Table 1 summarizes the quantitative results. PortraitTalker achieves an LSE-C of 7.230, an LSE-D of 7.712, and an FID of 21.997 on HDTF. Compared against the adapted cascaded pipelines, The LSE-C score improves by about 43.2% over MakeItTalk [5], which reports 5.051, and by about 48.4% over the Wang et al. baseline [14], which reports 4.872. The LSE-D score is reduced from 9.999 and 9.995 to 7.712, indicating more accurate alignment between audio and lip motion. In terms of visual quality, PortraitTalker also outperforms the baselines in FID, improving from 28.183 and 22.372 to 21.997.

Table 1: Quantitative comparison on the HDTF dataset []. MakeItTalk [] and Wang et al. [] are adapted to the text-and- speech setting via a cascaded text-to-image pipeline (see Section 4). PortraitTalker achieves the best lip-sync confidence (LSE-C), the lowest lip-sync distance (LSE-D), and the best visual quality (FID) among the compared methods.

Method	LSE-C↑	LSE-D↓	FID↓
MakeItTalk [5]	5.051	9.999	28.183
Wang et al. [14]	4.872	9.995	22.372
PortraitTalker (Ours)	7.230	7.712	21.997

Download Excel Table

These results suggest that the proposed method does not merely generate visually plausible faces, but more accurately synchronizes facial motion with the speech signal. The fact that both LSE-C and LSE-D improve simultaneously indicates that the method achieves a balanced improvement in both temporal alignment and motion quality rather than optimizing only a single aspect of synchronization. The reported FID of 21.997 further indicates strong visual quality.

5.2 User Study

Table 2 summarizes the user study results based on 20 participants and 50 samples. PortraitTalker achieves preference scores of 68.13% for lip-sync accuracy, 76.89% for motion diversity, 74.06% for video sharpness, and 74.76% for overall naturalness. MakeItTalk and Wang et al. receive substantially lower preference ratios across all four criteria. These outcomes indicate that the generated videos are not only quantitatively strong but also perceptually convincing to human observers.

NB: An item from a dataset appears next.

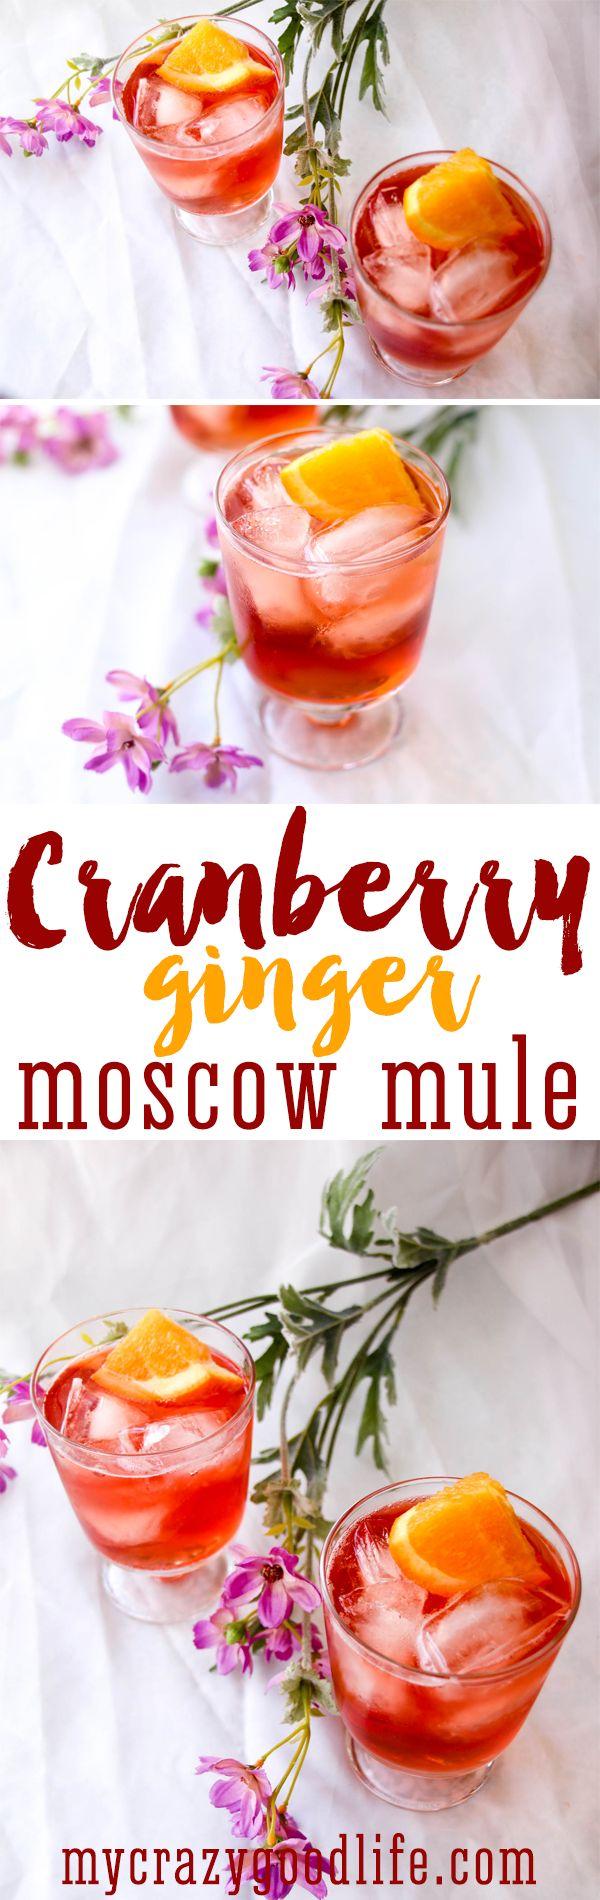 Best 25 cranberry vodka ideas on pinterest cranberry for Cranberry bitters cocktail recipe

Table 2: User study with 20 participants over 50 generated clips. The table reports preference ratios for each method across four perceptual criteria. PortraitTalker receives the highest preference in all categories, showing clear advantages in lip-sync quality, motion diversity, perceived sharpness, and overall naturalness.

Criterion	MakeItTalk [5]	(%) Wang et al. [14]	(%) Ours (%)
Lip-sync accuracy	9.86	22.01	68.13
Motion diversity	7.04	16.07	76.89
Video sharpness	6.72	19.22	74.06
Overall naturalness	9.41	15.83	74.76

Download Excel Table

The particularly strong results in motion diversity and overall naturalness suggest that the combination of FLAME-based animation and 3D rendering contributes benefits beyond lip synchronization alone. Human viewers judge the overall realism of the entire face, including expression transitions, subtle motion, and consistency across frames, so these preference gains support the structural effectiveness of the proposed design.

5.3 Qualitative Analysis

Figure 2 shows a representative end-to-end result. In this example, the input prompt is “close upper body photo, 25 y.o. man in casual clothes, night, city street, soft lighting, high quality, film grain,” and the driving audio corresponds to Korean news speech. The generated example illustrates the full progression from text input to 3D identity creation and finally to speech-driven animation. The result indicates that PortraitTalker can synthesize a plausible portrait identity from text alone and animate it with temporally coherent facial motion. We refer the reader to the accompanying video for full animation results.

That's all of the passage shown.